# Router bite



## trsnider (Nov 23, 2012)

Well despite all my thinking it happened yesterday. I thought a piece I was going to route on the table was plenty long enough it, but it wasn't. As the trailing edge went through the router it got caught 'funny' and the router threw it across the shop. As it was doing this my finger which was pushing it through suddenly didn't have anything to push on an went into the spinning router bit. Ugh shxx fxxx pixx and a string of cussing ensued. As all veteran woodworkers think, I wondered if I still had my entire finger, yes, and if it had gone all the way to the bone, no. Ok, things were relatively ok. At first I thought I could close the cut(s) with butterfly strips. But my wife told me to go in. 13 sutures later my index finger is bandaged up and it's difficult to use now. My finger pad is pretty well mangled up now. Lucky I didn't loose part of the finger. 
And it doesn't hurt very much so I'm able continue (mostly) normally .

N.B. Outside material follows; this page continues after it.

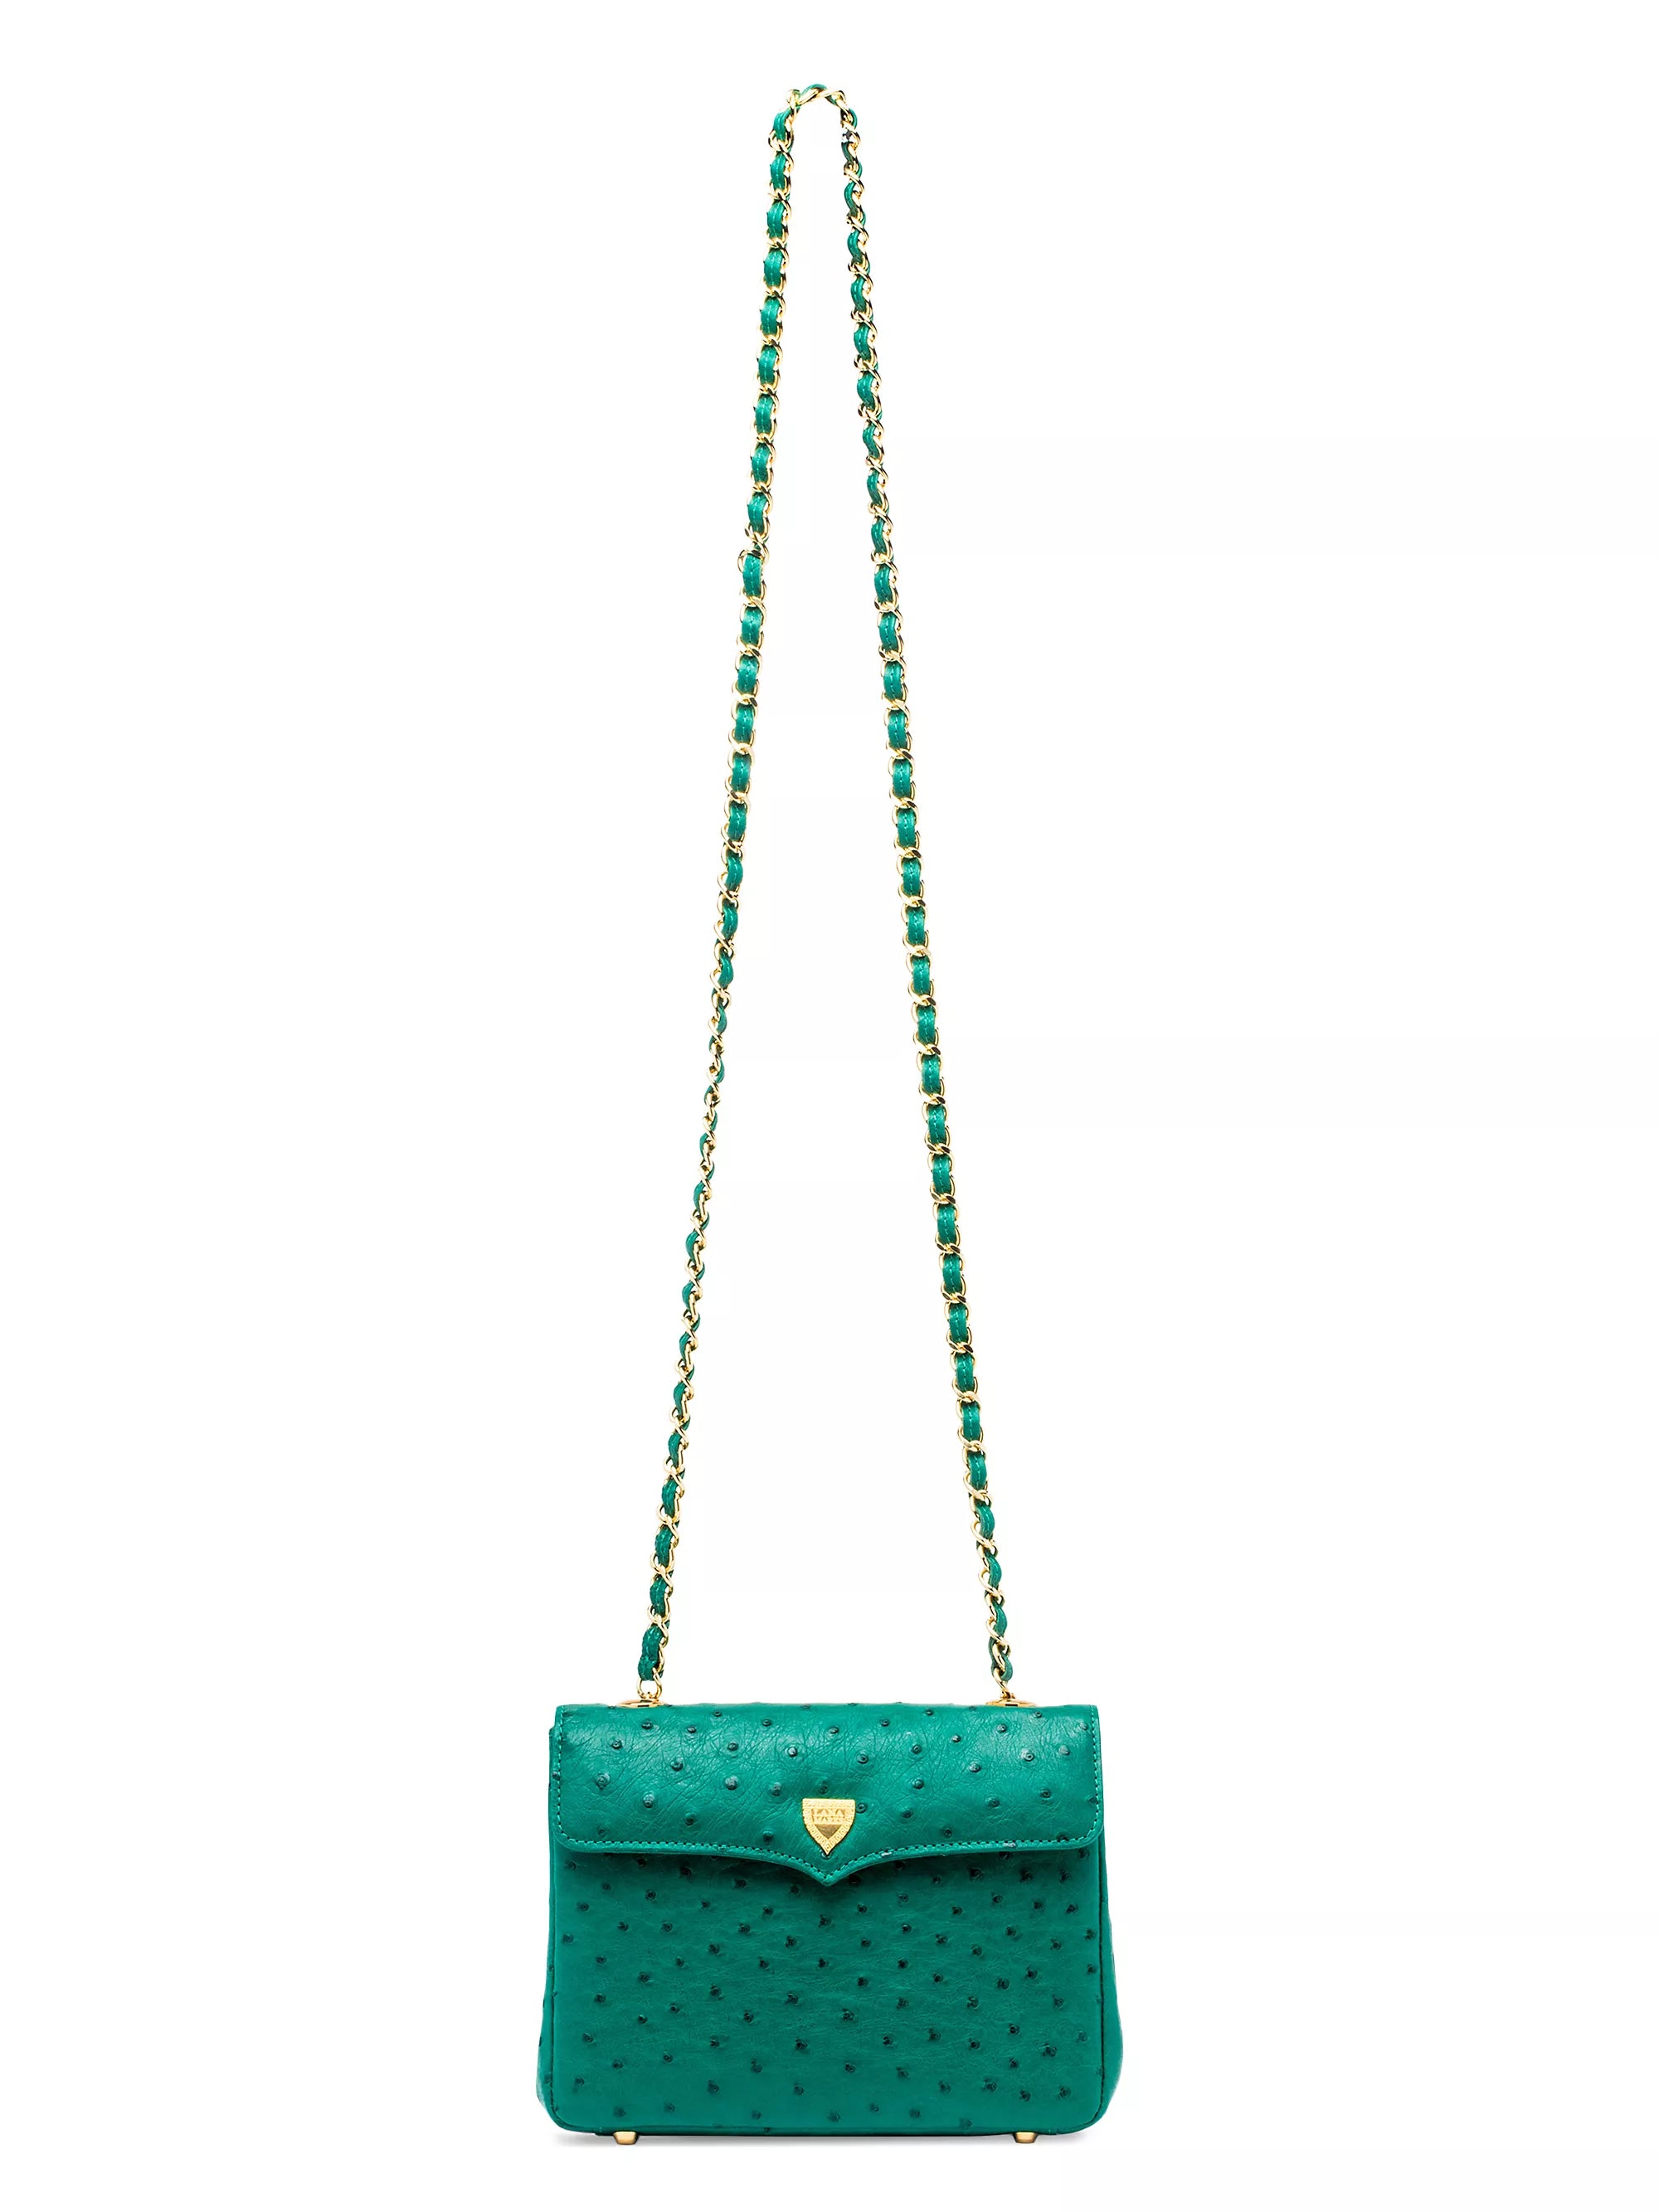 Medium Chain Bag in Green

Please use a jig and push sticks when routing no matter how big you think the piece is.


----------



## John Smith_inFL (Dec 15, 2017)

yep - it happens !!!

.

.


----------



## Redoak49 (Dec 15, 2012)

Sorry for your accident and hope you heal quickly.

I use a push pad with a foam underside for small pieces and also make fences which only expose the minimum amount of the bit.


----------



## ruger (Feb 20, 2018)

i'm making a maple vanity for my wife. was using a 1/4 shank router bit to rabbit a 1/2 inch slot in the 4 corner pieces on the third piece i noticed a lot of shutter as i was feeding the 30 inch long corner piece through. shut the router off and found the router bit came loose and my rabbit went from 1/2 inch deep to an inch or more deep. my bit had come loose.. could have been real ugly for me. i should not have been using a 1/4 bit for this but my only 1/2 inch shank bit was dull so i went with the 1/4 shank bit. wasn't using a push stick. i'm just glad i didn't continue pushing to piece all the way through. i have never launched a router bit into the air at 30.000 rpm. and don't want to find out the effects. my dumb ass fault all the way around.


----------